A growing coalition of heavy users is voicing concerns about the widening gap between open source and proprietary AI models. New benchmarks indicate this divide has expanded to 12-18 months since late 2025, raising questions about the competitive viability of open source alternatives.

Recent interactions across various forums reveal a blend of feelings among users. The mood swings from frustration to pragmatic acceptance as insights pour in about the performance of different models.
Some commenters point out that although open models have improved, they remain "lazy," unable to match the effectiveness of more advanced proprietary systems in real-world scenarios. One user stated, "Even at that gap, they can perform extremely well" when paired with models like GPT-5 or Opus.
Users have noted that benchmarks like DeepSWE do not represent the needs of many, emphasizing that "for 90% of the work that people do, even something like DeepSeek v4 Pro is often plenty." It suggests that the expense of frontier models isn't justifiable for routine tasks.
Users are leaning into a mixed approach, combining open and proprietary systems to streamline tasks and save costs. One commenter highlighted, "The state of the overall market strongly incentivizes mixing vendors/models for different tasks."
Heavy users also recognize the changing dynamics with increasing capabilities from models previously considered inadequate, like those from Chinese developers.

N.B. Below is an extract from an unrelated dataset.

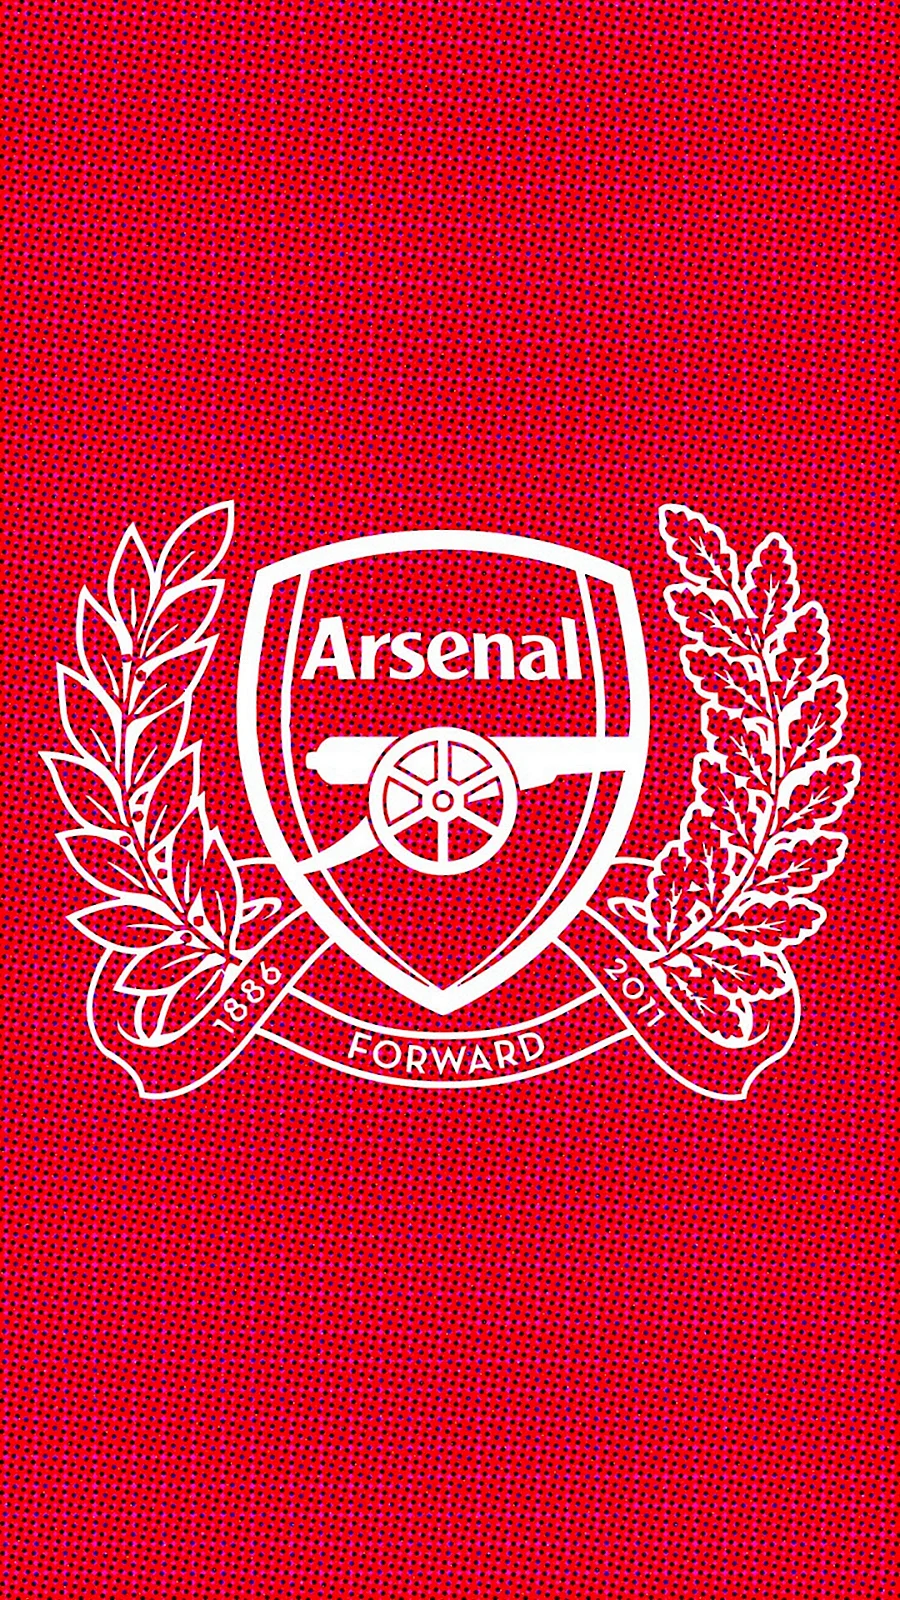 Arsenal Personalize Font Wallpaper For iPhone

The situation is complicated as customers grapple with rising costs of proprietary models. "Itโs getting to the point where even enterprises find it too expensive," remarked a concerned participant. This illustrates a growing pushback against escalating fees for advanced models, hindering widespread adoption.

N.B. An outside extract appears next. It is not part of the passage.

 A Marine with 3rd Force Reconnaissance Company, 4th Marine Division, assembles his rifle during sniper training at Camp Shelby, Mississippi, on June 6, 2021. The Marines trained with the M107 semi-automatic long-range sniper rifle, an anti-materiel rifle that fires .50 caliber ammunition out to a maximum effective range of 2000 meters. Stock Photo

Not all is bleak; certain users experience success with open models in specific tasks. They emphasize:
Practical effectiveness often outweighs theoretical performance (
Many express satisfaction with cost-effective alternatives despite the perceived performance lag.
"Even something like DeepSeek v4 at 1/100 the price is pretty good for 90% of the work," a user noted, pointing out that users often don't leverage the full capacity of premium tools.
โฝ The gap between proprietary and open models now rests at 12-18 months, escalating concerns.
๐ฏ Users are shifting toward a mixed model approach for better cost efficiency, favoring cheaper open models for most tasks.
๐ฐ "Closed frontier models are crazy expensive,โ illustrates a deepening dissatisfaction with high costs in the market.
As competition heats up, the future remains uncertain. Can open source models adapt quickly enough to meet user needs, or will affordability trump performance in the evolving landscape of AI?